3rd merit list is out... medstudentz does not allow to put on the link anymore, so check foundation university's site... 

and yeah one question, y haven't they shown any reserved candidates in their list this time?? any idea people..... :-( :-( :-s


----------



## Chachu (Mar 29, 2012)

They must've had enough students now. No more reservatoins. Slots full :/


----------



## inamorato (Nov 8, 2012)

well thats not possible..... reserved are always there.... coz there is always a possibility for a candidate to leave the seat...... last year even in the last list reserved candidates were shown..... anyways, im depressed as hell....  ........ any idea what is the closing merit in this list?


----------



## FarhanShah (Nov 9, 2012)

inamorato said:


> 3rd merit list is out... medstudentz does not allow to put on the link anymore, so check foundation university's site...
> 
> and yeah one question, y haven't they shown any reserved candidates in their list this time?? any idea people..... :-( :-( :-s


dont worry...wait for the 4th list, last year there were 7 lists!

- - - Updated - - -



inamorato said:


> well thats not possible..... reserved are always there.... coz there is always a possibility for a candidate to leave the seat...... last year even in the last list reserved candidates were shown..... anyways, im depressed as hell....  ........ any idea what is the closing merit in this list?

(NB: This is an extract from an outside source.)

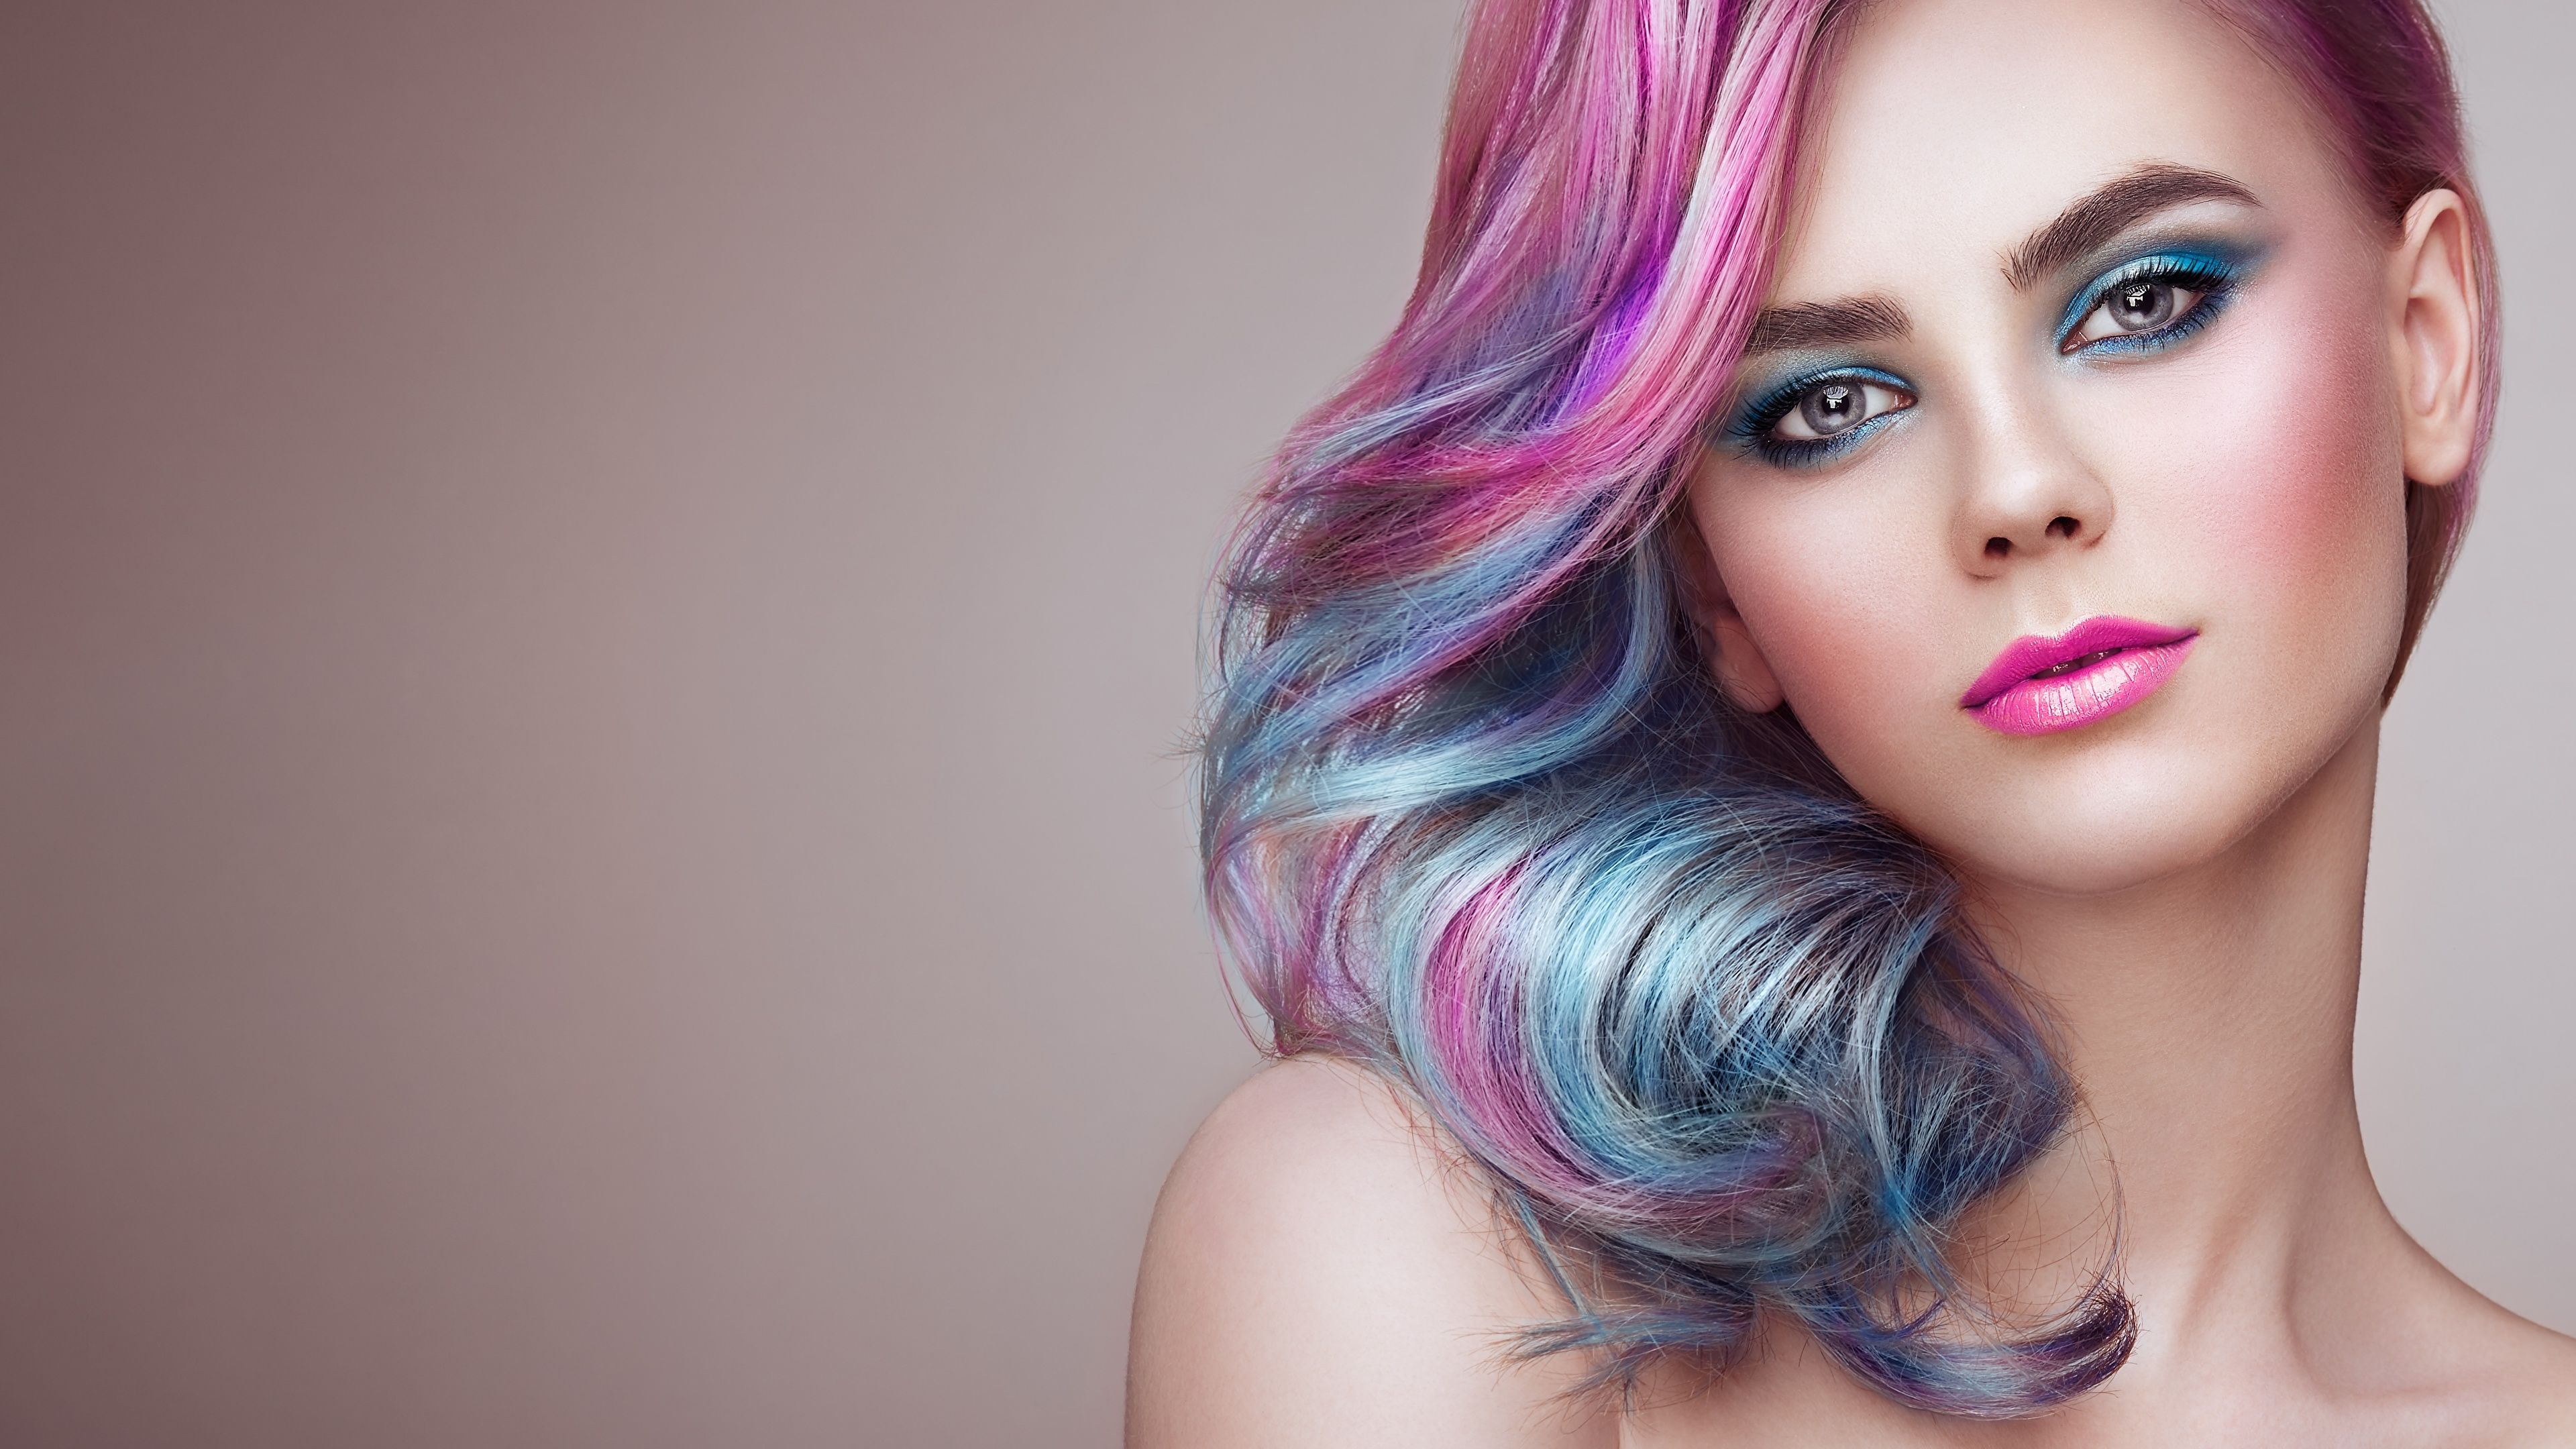 Hairstyle Wallpaper Free Hairstyle Background

make a call to the admission office for accurate figures..


----------



## inamorato (Nov 8, 2012)

hmmm ok... i will ask them.... and yeah one more thing, there were more than 7 lists.... i have seen 10 lists of last year... :woot:.... but still im in tension coz they didnt show any reserved candidates this time...


----------



## Sana Masud (Oct 14, 2012)

May be they didnt publish reserved candidates list because FUMC opened their admissions again, last date was 16th nov for the submission of forms, so they ll act according to the new merit of the students


----------



## inamorato (Nov 8, 2012)

Sana Masud said:


> May be they didnt publish reserved candidates list because FUMC opened their admissions again, last date was 16th nov for the submission of forms, so they ll act according to the new merit of the students


hmmm that makes sense...... thanku, that calmed me down a bit... 

- - - Updated - - -

hey one question, anybody knows whats the closing merit of the 3rd list????? :?


----------